__Task directions__: There is material below. Print exactly the lines starting at the line with "Wiesbaden: VS Verlag." and ending at the line with "Dạng bài tập", ends included, and no others.

__Available records__:
------------------------------
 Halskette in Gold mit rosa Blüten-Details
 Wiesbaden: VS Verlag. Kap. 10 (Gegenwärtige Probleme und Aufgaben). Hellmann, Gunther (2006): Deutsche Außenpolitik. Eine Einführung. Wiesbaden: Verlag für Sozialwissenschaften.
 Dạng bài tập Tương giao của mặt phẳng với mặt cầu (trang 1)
------------------------------
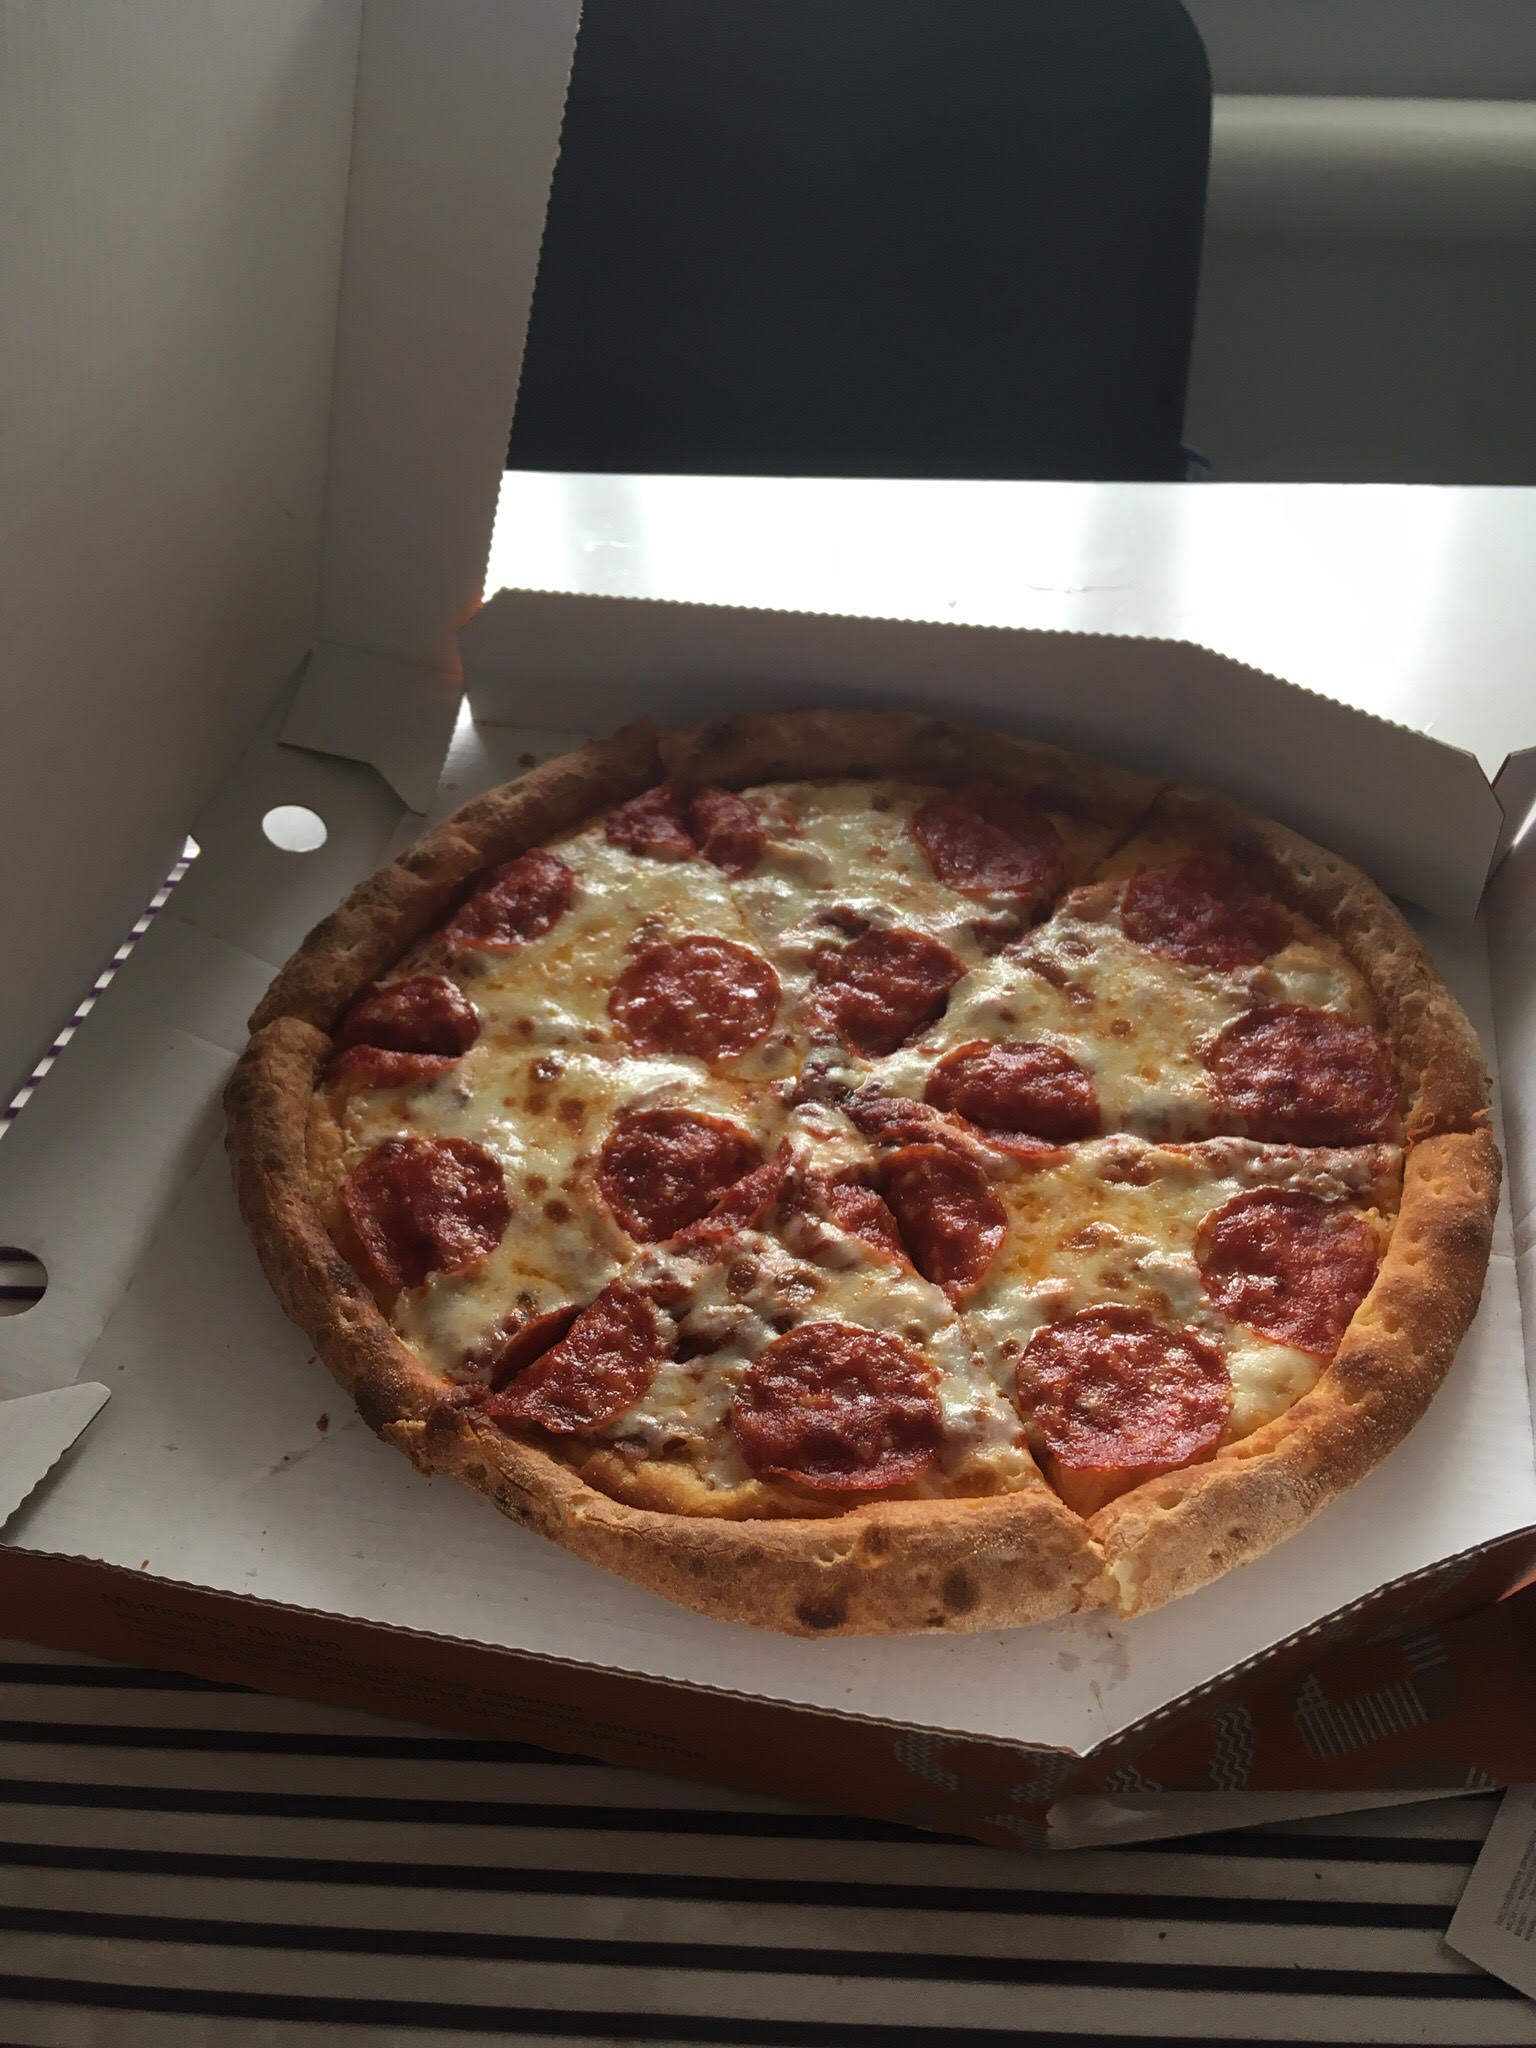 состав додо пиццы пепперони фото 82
------------------------------
__Response to the task__:
 Wiesbaden: VS Verlag. Kap. 10 (Gegenwärtige Probleme und Aufgaben). Hellmann, Gunther (2006): Deutsche Außenpolitik. Eine Einführung. Wiesbaden: Verlag für Sozialwissenschaften.
 Dạng bài tập Tương giao của mặt phẳng với mặt cầu (trang 1)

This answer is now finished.